Then I found a survey, and OK, it was a dodgy looking thing from an online news source from a decade ago, but it said that Finnish men who date women are twenty-five times less likely to tell their partner they love her within the first six months than Swedish men. I’ve also discovered that Finnish women are increasingly marrying men of other nationalities. Can the two be connected? Are my Finnish sisters getting sick of non-committal, undemonstrative boyfriends and hooking up with hot Americans, sexy Scots, or those declarative Swedes who are, allegedly, dropping the L-bomb all over the shop?
So, I dug a bit deeper, trawling dating and travel forums and YouTuber blogs so you don’t have to, and there did seem to be plenty of anecdotal evidence supporting the theory that Finnish blokes really are more reticent about talking about their feelings, and this can be pretty frustrating for their significant others.
When it comes to generalisations about this kind of thing I’m cautious, but curious. I know the idea’s blown out of the water by the mixed demography of Finland that shows us this tiny population’s a melting pot like any other European place, a huge variety of languages are spoken there and, I guess what I’m saying is, there’s no monolithic Finnish Man. And yet, Disgruntled Girlfriends of The Internet are telling me their Finnish boyfriends need to get with the programme when it comes to sharing their feelings. They describe attractive, calm, reserved, respectful, taciturn men who love nature, value solitude, have a connection to the land and the seasons, love to feed people, and are prone to joking at your expense as an easy way of showing affection. So, all in all, these Finnish Men, whoever they are, if they even exist, sound pretty good.
Now, you know I left my dating blog behind a long time ago, and I’m determined to get the travel lowdown on Lapland for you all, but if me and my friend, S, happen to discover if there’s any truth to the myth of the shy Finnish fellas, all the better. Check back soon for an update when I’ll be touching down in snowy Inari.
#NariInInari #Girlsholiday
Chapter Eight
‘Just look at this place!’
Nari lifts up one side of her sleep mask in acknowledgement of my excited dig at her elbow. The flaps have just opened and the loud clunk of the wheels coming down somewhere underneath us finally jolts her to full wakefulness.
Low mountains brood over the Lappish plains. Stretched out in the grey-blue expanse below are the strange shapes of fir trees bent under the weight of snow and what I first assume are white roads, before realising they’re frozen rivers.
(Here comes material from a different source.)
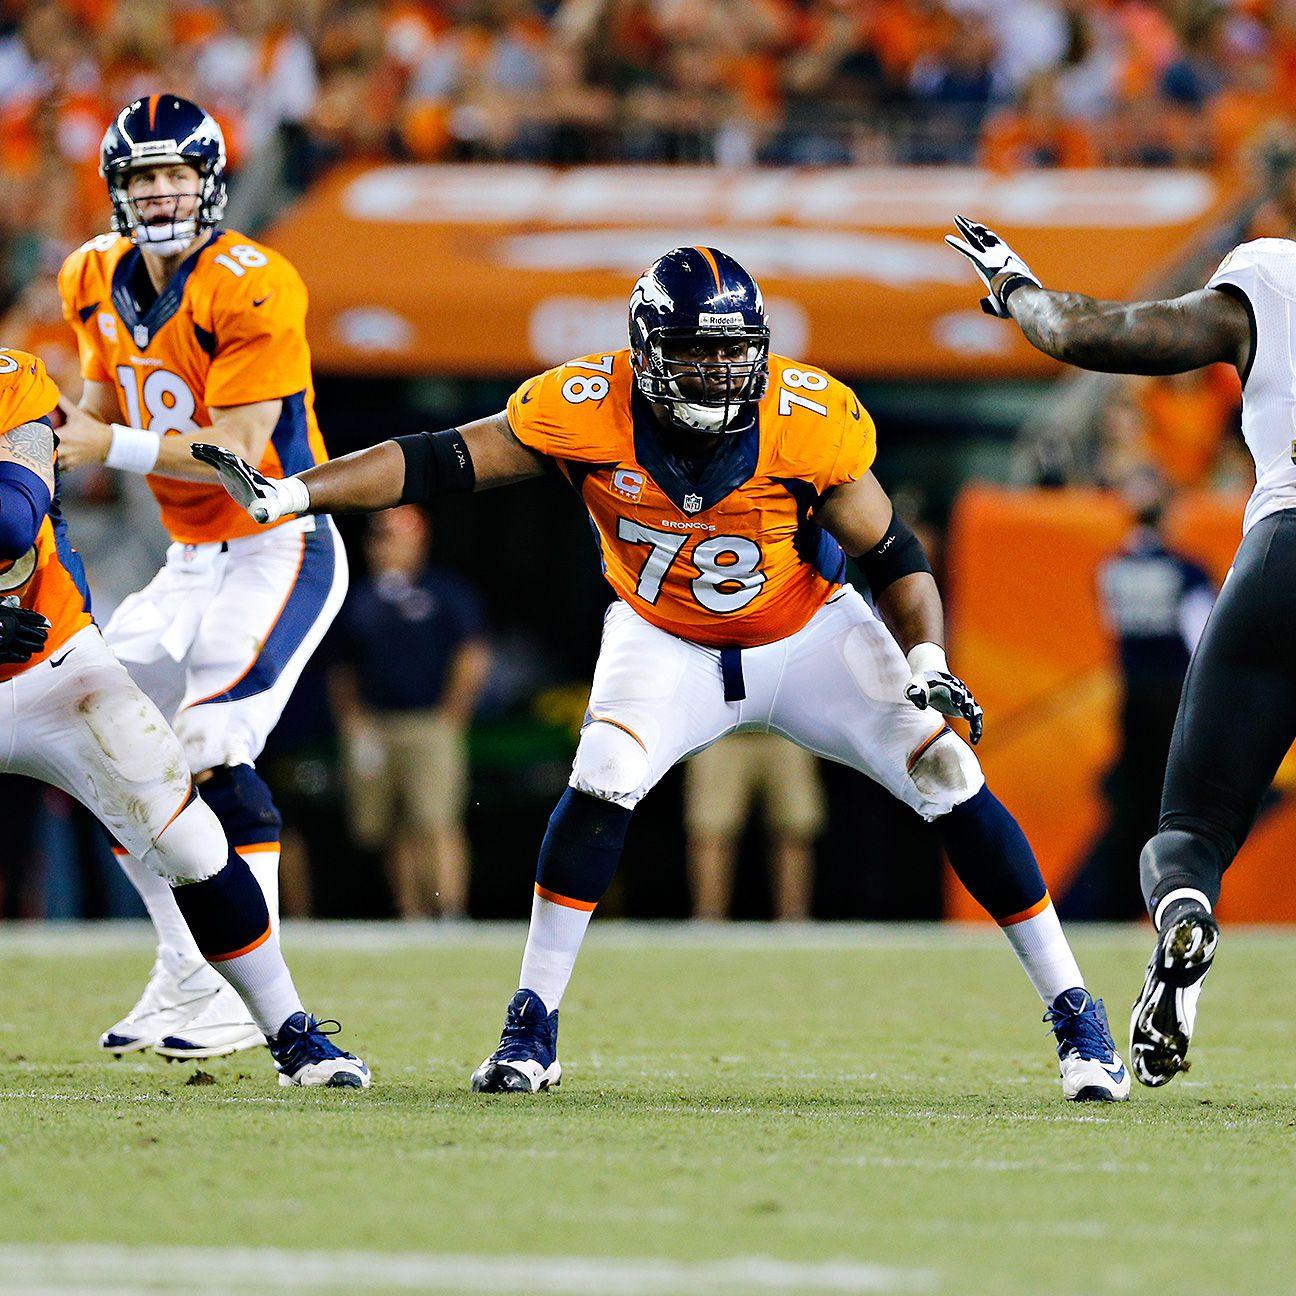 ... , Denver Broncos backups fuel victory over Texans - NFL Nation - ESPN

From up here it looks as though there are no motorways, no streetlights, and no buildings as far as I can see, just miles and miles of wide open, infinite space.
Back in Castlewych you can’t walk for ten minutes without railway lines or canals dissecting your path. The town’s horribly cut up by B-roads and claustrophobically cut off by motorways, housing developments, and the out of town shopping centres that are slowly replacing the real, old town centre. This place, on the other hand, seems endlessly wild and unpopulated. Everything looks barren and alien, and our flight is making its descent into the strange snowy world.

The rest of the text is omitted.